What this task involves »
Look through the entries below for the line with "41+ Ultimate Christmas" and the line with "Regla, Habana, Cuba", then give again exactly those two lines and all lines between them, minus the pictures.

The data »
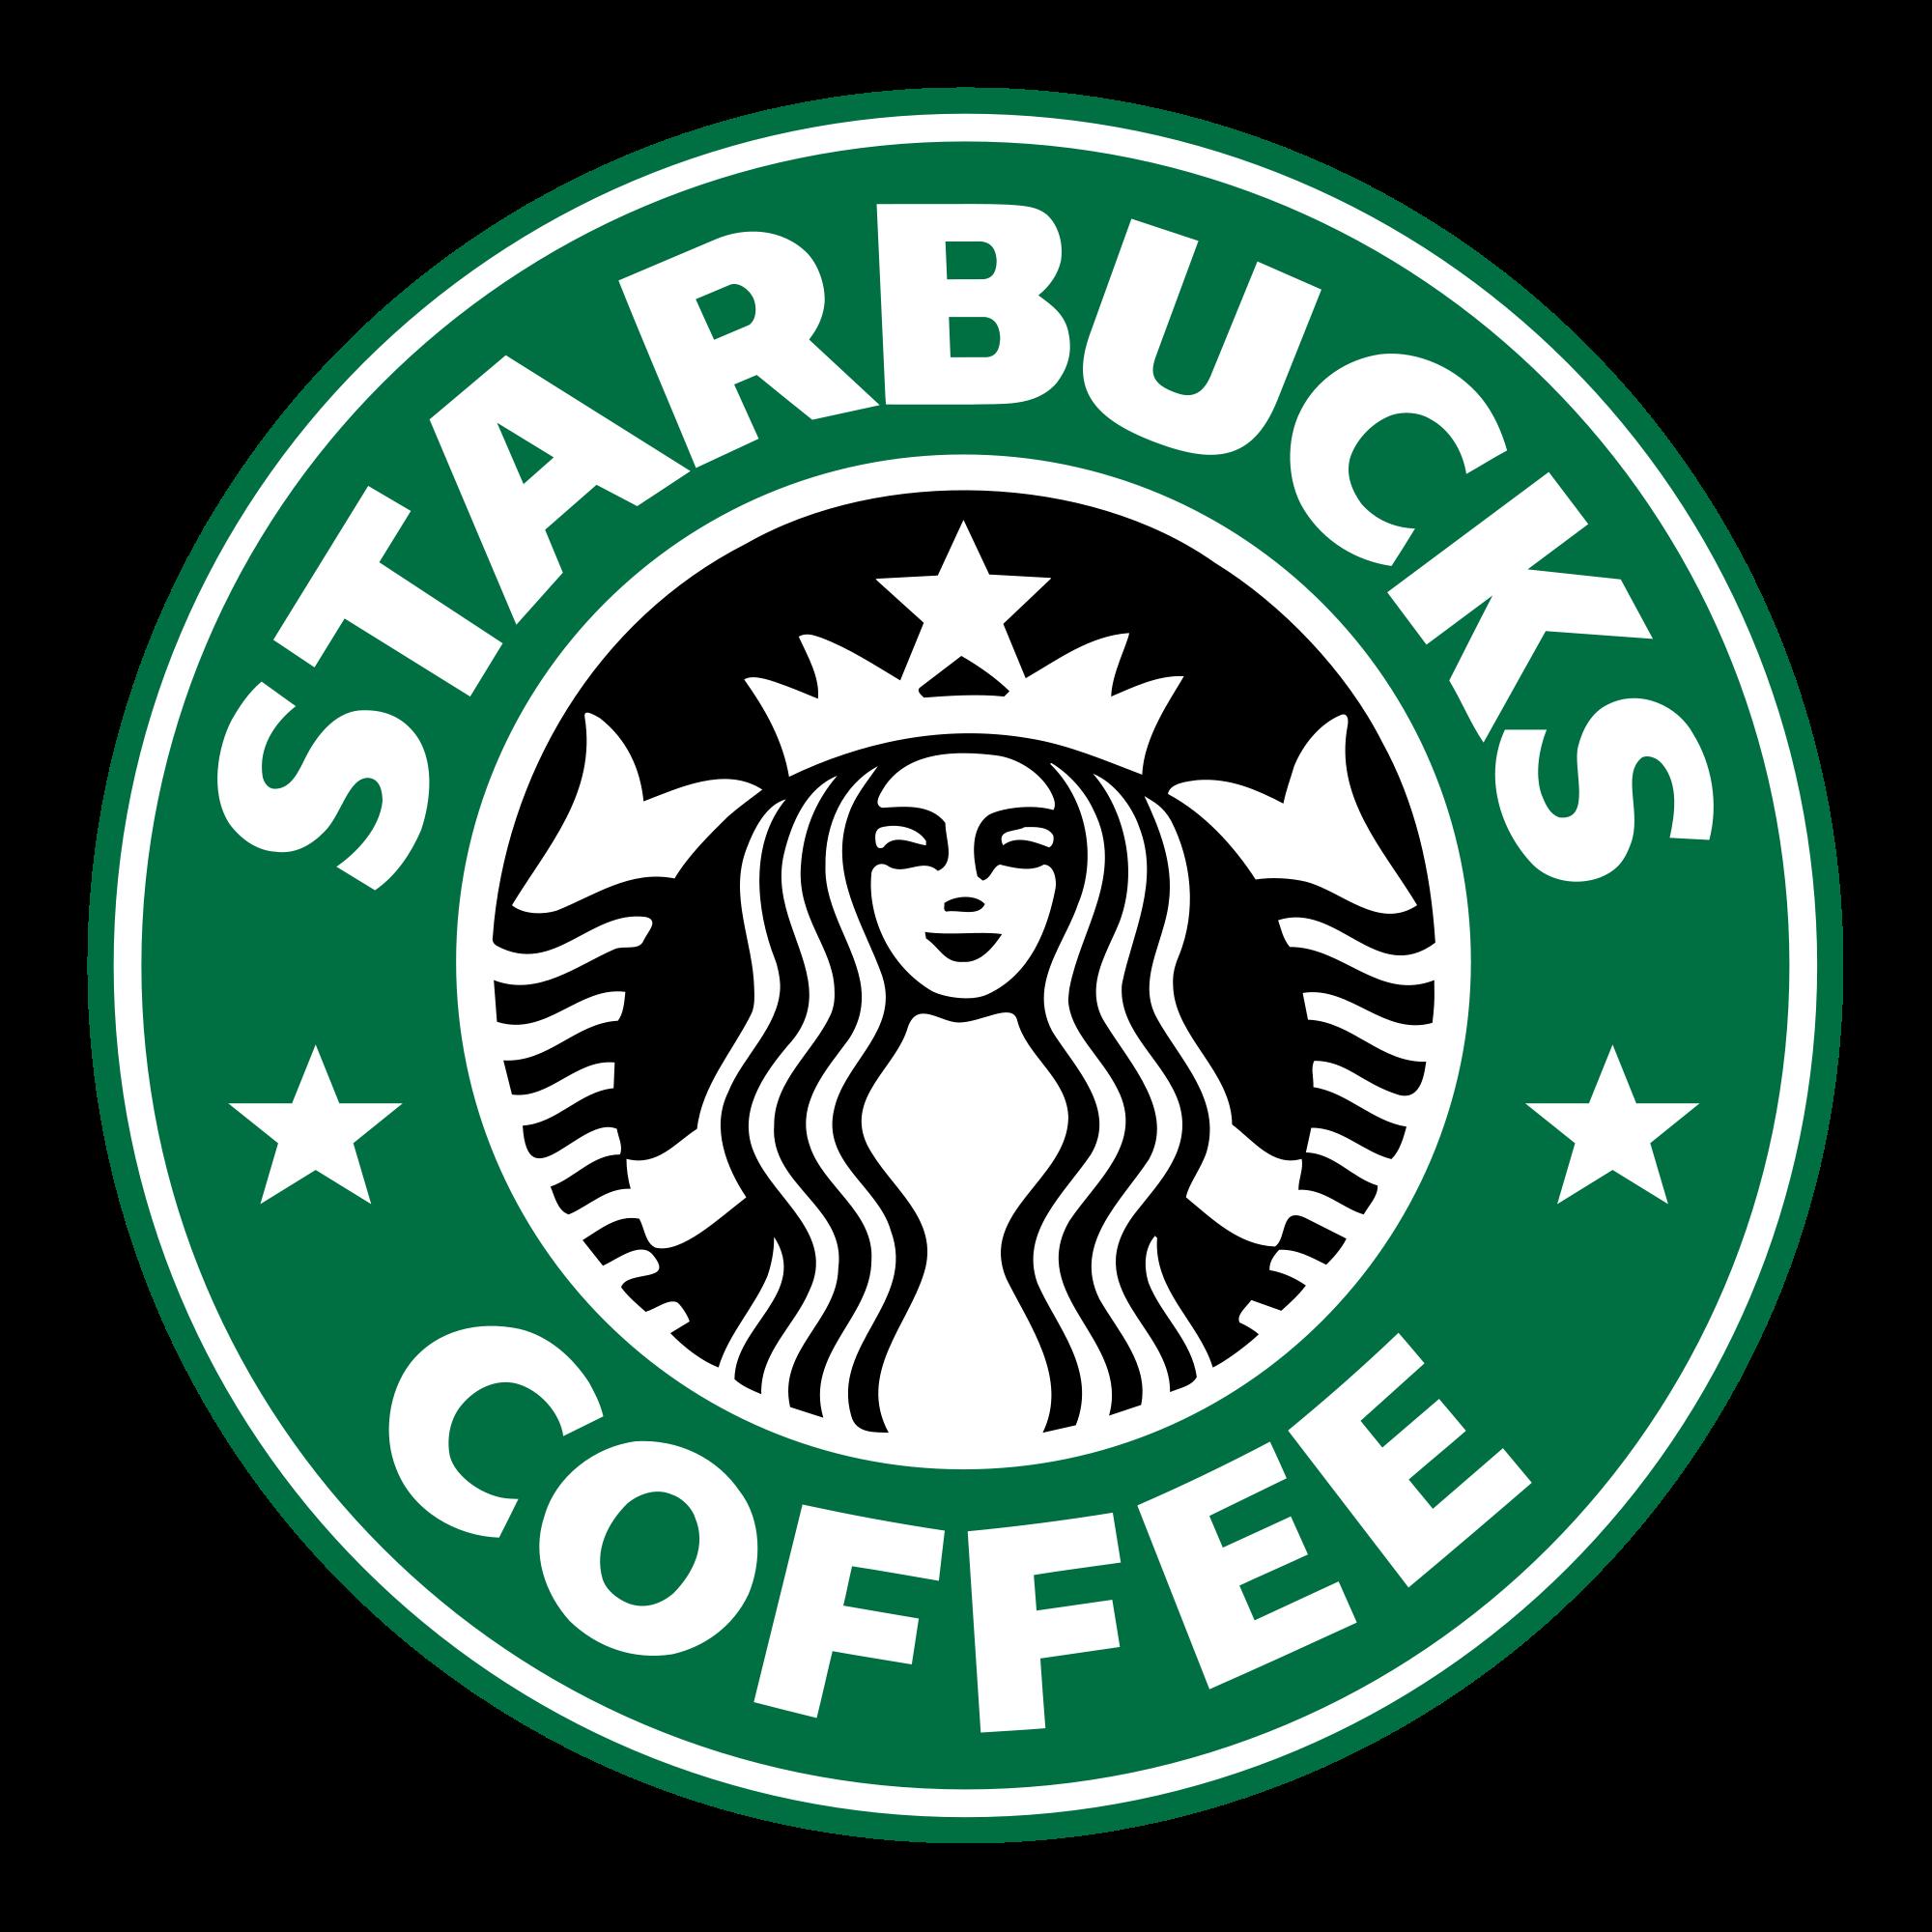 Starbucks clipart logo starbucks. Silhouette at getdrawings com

==

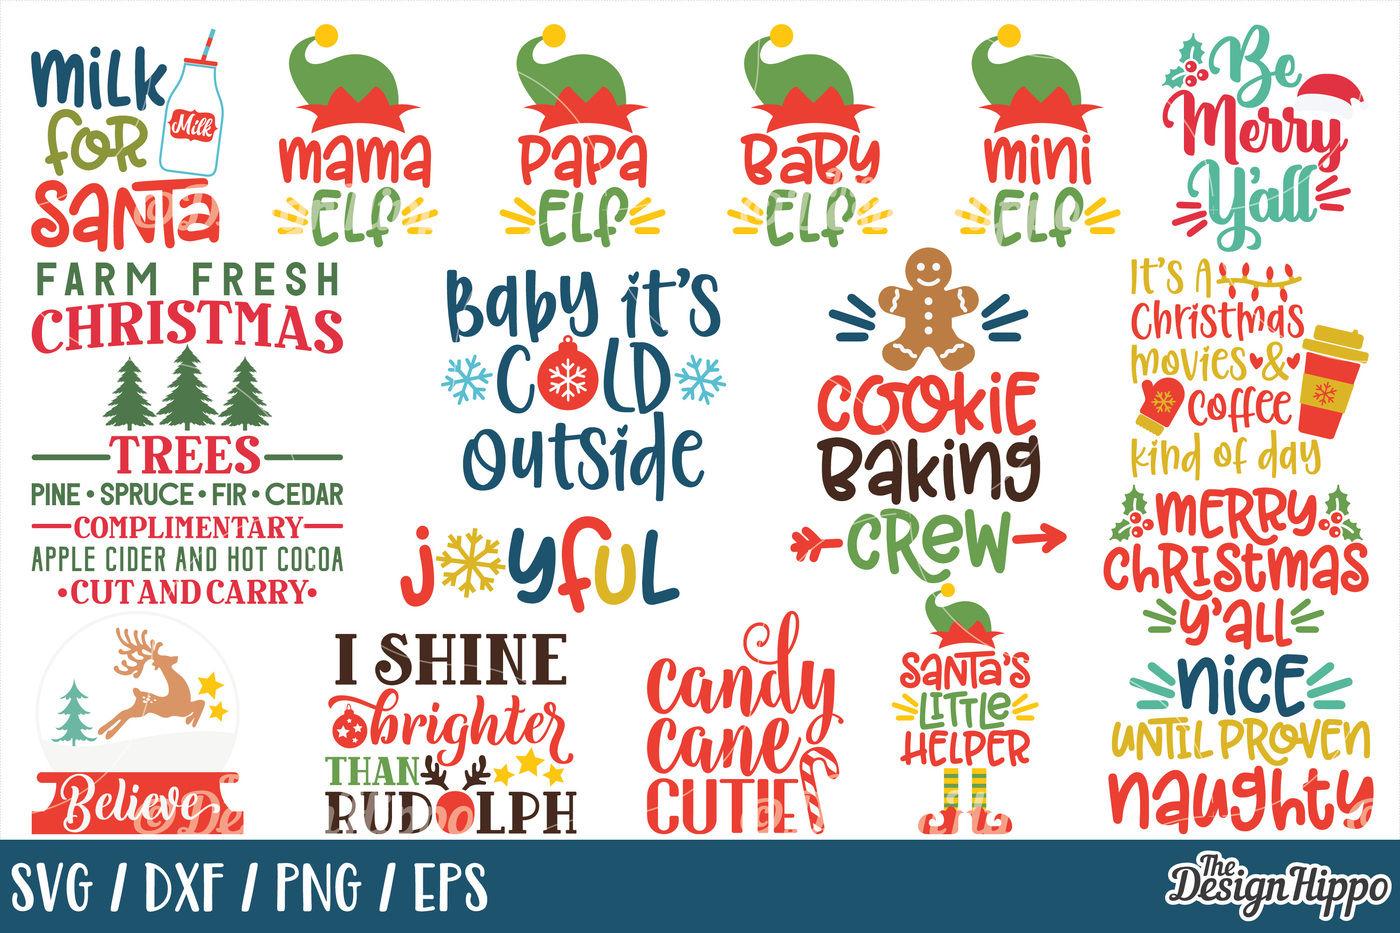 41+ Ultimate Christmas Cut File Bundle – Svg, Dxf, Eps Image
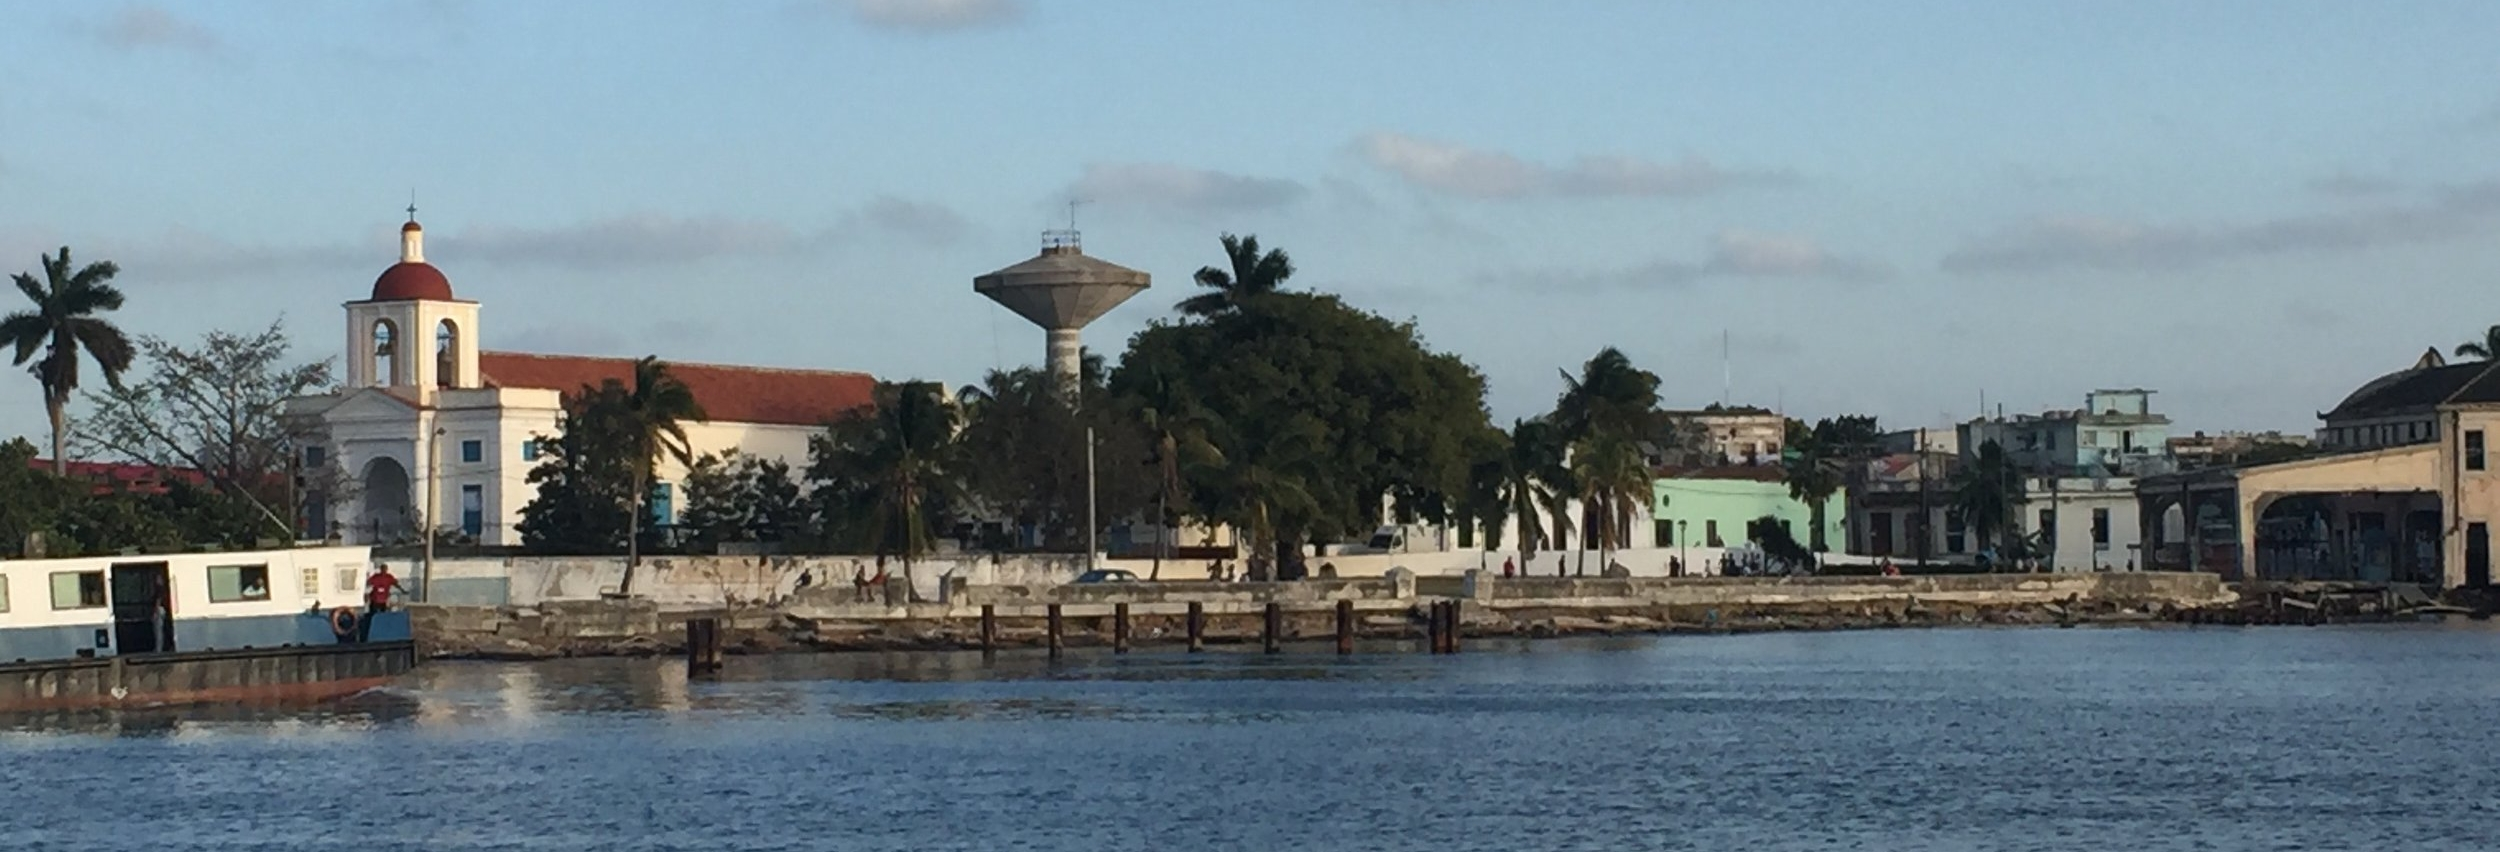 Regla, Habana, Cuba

Final answer »
 41+ Ultimate Christmas Cut File Bundle – Svg, Dxf, Eps Image
 Regla, Habana, Cuba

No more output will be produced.